What Are Factors That May Affect Breast Density?
1. Can breast density be changed with diet? Is fat in the diet related to breast density?
Dietary fat intake has little to do with breast density; however, it does relate to increased body mass index (BMI). BMI is a measure of body fat based on height and weight, and there is more fatty breast tissue in women with higher BMI. Higher BMI reduces the percent of density but might not reduce the total amount of dense tissue. BMI and breast density are both separate risk factors for breast cancer. Before menopause, low BMI [1, 2] increases the risk of breast cancer. After menopause, weight gain and increasing BMI increase the risk of breast cancer.
References Cited
1. van den Brandt PA, Spiegelman D, Yaun SS, et al. Pooled analysis of prospective cohort studies on height, weight, and breast cancer risk. Am J Epidemiol 2000; 152:514-527
2. Huo CW, Chew GL, Britt KL, et al. Mammographic density-a review on the current understanding of its association with breast cancer. Breast Cancer Res Treat 2014; 144:479-502
2. Can exercise affect a woman’s breast density category?

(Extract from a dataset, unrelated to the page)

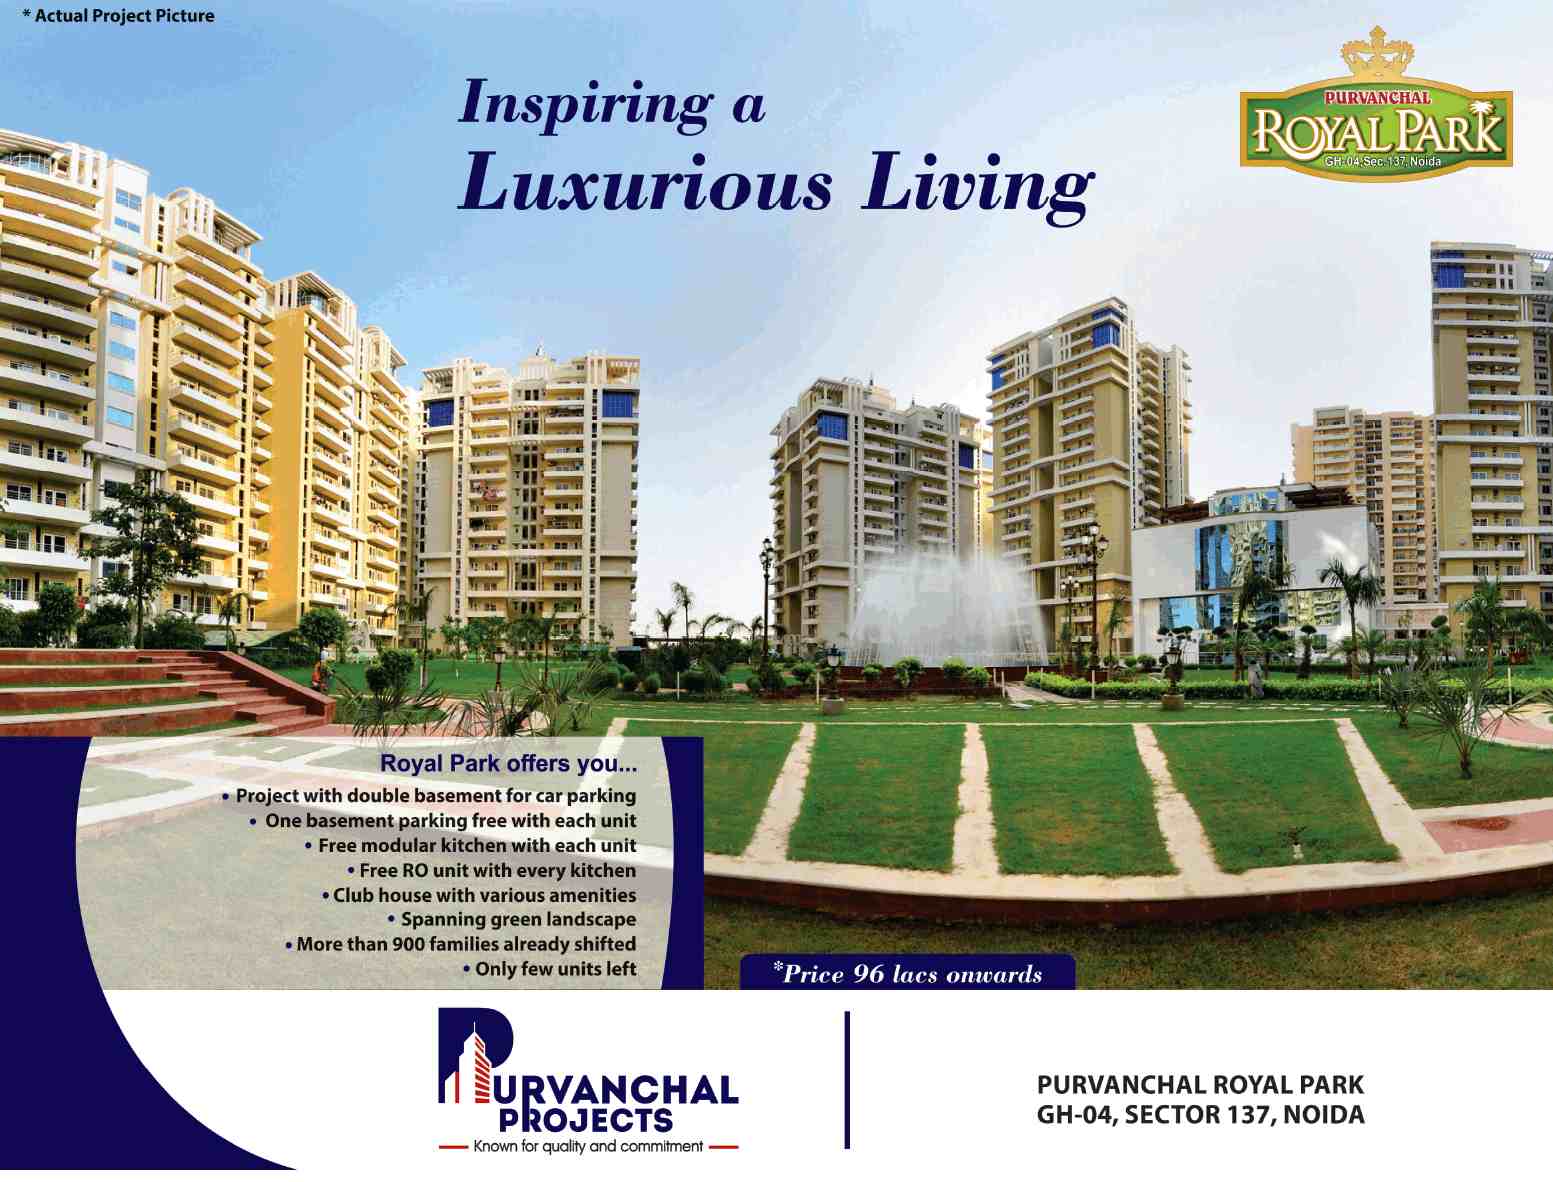 Purvanchal Royal Park is inspiring a luxurious living in Noida
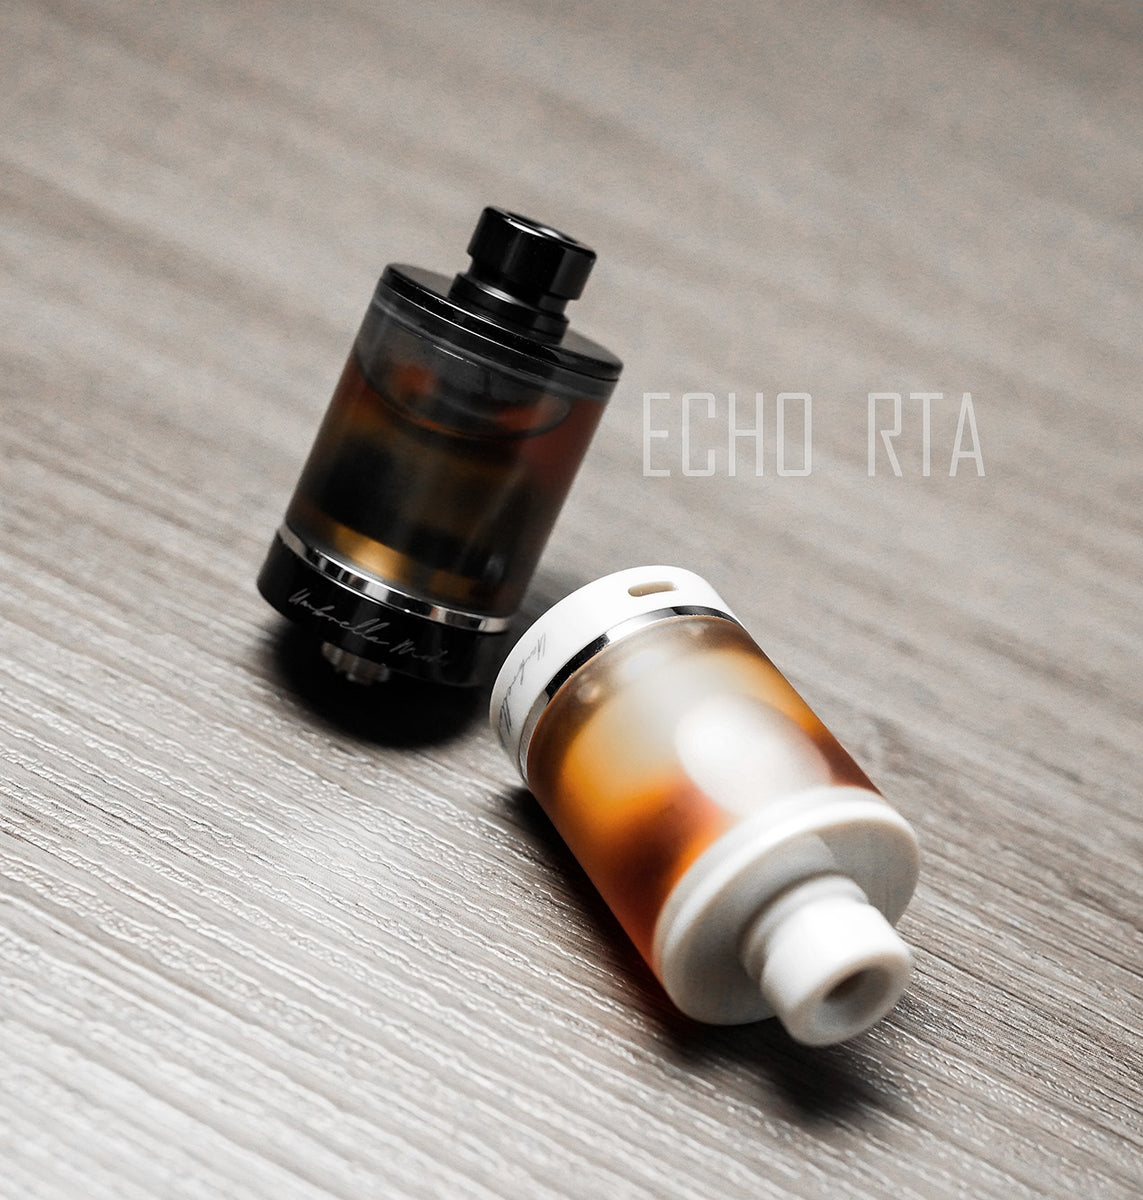 Echo RTA by Umbrella Mods with gold deck

It can. While exercise can decrease the amount of fat in the breast, the glandular or dense breast tissue is not affected by exercise. So, if a woman loses a lot of weight due to exercise, her breasts can appear more dense due to loss of fat (the amount of fat decreases while the amount of dense tissue remains the same) [1].
While exercise does not decrease the actual amount of dense tissue in the breasts, it does decrease the overall risk of developing breast cancer [2].
References Cited
1. Peters TM, Ekelund U, Leitzmann M, et al. Physical activity and mammographic breast density in the EPIC-Norfolk cohort study. Am J Epidemiol 2008; 167:579-585
2. Azam S, Kemp Jacobsen K, Aro AR, et al. Regular physical activity and mammographic density: a cohort study. Cancer Causes & Control 2018; 29:1015-1025
3. Does taking estrogen affect breast density?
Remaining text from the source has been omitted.